**ACTIVITY:** What is the number of lines in this data that contain the word "Geometric"? Give the number alone.

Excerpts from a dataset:
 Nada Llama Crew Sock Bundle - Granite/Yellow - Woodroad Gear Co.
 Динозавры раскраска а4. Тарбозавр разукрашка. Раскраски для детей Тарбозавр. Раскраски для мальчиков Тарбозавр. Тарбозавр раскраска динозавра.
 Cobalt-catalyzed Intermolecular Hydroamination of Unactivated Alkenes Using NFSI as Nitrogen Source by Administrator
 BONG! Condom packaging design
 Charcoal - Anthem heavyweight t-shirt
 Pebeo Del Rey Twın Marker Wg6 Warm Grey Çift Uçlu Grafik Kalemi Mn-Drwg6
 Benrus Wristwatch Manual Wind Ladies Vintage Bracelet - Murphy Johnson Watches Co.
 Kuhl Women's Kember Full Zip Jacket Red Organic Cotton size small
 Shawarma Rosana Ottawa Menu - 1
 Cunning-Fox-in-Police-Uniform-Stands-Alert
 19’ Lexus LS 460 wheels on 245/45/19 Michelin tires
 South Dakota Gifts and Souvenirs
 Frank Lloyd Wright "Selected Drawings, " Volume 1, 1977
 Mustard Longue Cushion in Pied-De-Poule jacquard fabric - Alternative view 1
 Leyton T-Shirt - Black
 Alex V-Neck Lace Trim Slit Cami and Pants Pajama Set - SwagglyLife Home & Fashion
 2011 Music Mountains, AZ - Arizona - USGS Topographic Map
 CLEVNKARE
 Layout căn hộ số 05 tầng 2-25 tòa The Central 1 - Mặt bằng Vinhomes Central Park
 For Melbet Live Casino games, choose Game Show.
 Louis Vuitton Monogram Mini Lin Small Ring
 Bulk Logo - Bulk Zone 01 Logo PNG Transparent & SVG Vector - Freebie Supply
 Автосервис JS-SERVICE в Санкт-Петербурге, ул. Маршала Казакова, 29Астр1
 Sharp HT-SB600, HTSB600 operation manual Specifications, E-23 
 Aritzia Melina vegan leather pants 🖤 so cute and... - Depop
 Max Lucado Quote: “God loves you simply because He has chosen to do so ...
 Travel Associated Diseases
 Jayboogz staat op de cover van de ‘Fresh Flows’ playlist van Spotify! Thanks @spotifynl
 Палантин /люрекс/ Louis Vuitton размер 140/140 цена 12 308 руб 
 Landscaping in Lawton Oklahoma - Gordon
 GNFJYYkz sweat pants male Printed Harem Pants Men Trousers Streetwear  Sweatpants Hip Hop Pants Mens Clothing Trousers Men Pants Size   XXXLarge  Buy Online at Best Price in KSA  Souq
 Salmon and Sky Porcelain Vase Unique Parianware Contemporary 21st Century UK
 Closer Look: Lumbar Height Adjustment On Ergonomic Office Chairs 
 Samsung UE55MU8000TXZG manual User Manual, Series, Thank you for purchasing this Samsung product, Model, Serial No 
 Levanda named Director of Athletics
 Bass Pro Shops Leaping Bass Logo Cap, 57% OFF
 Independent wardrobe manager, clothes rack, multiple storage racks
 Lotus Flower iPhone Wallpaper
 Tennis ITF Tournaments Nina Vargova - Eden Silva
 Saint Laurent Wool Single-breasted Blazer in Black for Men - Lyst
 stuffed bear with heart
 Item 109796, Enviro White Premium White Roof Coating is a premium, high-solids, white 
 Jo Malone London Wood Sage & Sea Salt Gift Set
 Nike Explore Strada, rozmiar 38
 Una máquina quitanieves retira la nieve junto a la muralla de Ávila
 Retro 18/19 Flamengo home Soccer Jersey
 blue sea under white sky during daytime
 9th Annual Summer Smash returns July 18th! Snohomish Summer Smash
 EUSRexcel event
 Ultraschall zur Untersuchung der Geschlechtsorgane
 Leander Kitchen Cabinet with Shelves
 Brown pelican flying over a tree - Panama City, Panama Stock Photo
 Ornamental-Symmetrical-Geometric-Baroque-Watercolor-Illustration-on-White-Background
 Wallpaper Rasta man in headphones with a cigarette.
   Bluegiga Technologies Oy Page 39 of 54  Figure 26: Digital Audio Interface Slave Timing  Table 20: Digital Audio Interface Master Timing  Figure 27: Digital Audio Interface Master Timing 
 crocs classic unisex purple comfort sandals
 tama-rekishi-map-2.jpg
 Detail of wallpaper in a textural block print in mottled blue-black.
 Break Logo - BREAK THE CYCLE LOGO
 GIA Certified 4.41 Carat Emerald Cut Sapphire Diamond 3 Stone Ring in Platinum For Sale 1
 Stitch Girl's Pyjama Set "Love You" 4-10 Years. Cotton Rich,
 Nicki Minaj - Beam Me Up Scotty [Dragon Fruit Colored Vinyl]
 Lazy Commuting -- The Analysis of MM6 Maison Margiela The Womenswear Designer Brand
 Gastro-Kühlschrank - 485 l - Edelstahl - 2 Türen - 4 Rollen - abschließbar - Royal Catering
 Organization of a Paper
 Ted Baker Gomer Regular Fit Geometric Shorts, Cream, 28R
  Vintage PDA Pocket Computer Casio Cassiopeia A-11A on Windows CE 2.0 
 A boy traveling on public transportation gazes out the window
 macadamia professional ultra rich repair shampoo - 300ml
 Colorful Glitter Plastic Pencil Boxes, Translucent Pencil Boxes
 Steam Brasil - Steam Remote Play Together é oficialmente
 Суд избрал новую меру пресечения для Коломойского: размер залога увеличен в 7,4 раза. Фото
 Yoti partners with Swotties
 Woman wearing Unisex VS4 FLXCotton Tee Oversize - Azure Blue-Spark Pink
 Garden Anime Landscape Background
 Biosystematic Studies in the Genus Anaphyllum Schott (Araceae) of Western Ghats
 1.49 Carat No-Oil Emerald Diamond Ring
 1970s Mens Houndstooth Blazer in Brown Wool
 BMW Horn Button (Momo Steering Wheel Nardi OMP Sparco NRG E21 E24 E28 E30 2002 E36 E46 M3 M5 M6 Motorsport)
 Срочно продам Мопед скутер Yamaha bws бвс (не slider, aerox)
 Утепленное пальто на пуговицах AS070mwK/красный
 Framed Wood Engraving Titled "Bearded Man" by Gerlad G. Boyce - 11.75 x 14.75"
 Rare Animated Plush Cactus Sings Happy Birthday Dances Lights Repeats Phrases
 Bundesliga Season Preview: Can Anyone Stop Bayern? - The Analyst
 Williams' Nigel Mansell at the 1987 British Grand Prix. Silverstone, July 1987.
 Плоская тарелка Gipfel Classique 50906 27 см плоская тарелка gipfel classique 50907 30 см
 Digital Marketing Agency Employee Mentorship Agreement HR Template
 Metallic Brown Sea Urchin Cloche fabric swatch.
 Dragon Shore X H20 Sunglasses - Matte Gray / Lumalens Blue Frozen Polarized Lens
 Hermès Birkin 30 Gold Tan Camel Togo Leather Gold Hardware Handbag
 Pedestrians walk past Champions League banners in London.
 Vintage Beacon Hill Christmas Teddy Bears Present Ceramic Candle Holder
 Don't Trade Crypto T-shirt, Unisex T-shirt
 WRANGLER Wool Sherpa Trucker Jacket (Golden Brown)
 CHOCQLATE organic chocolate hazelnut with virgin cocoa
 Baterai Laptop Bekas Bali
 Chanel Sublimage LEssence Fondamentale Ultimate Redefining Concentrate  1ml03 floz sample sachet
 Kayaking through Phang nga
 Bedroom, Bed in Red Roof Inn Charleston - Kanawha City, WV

**OUTPUT:** 2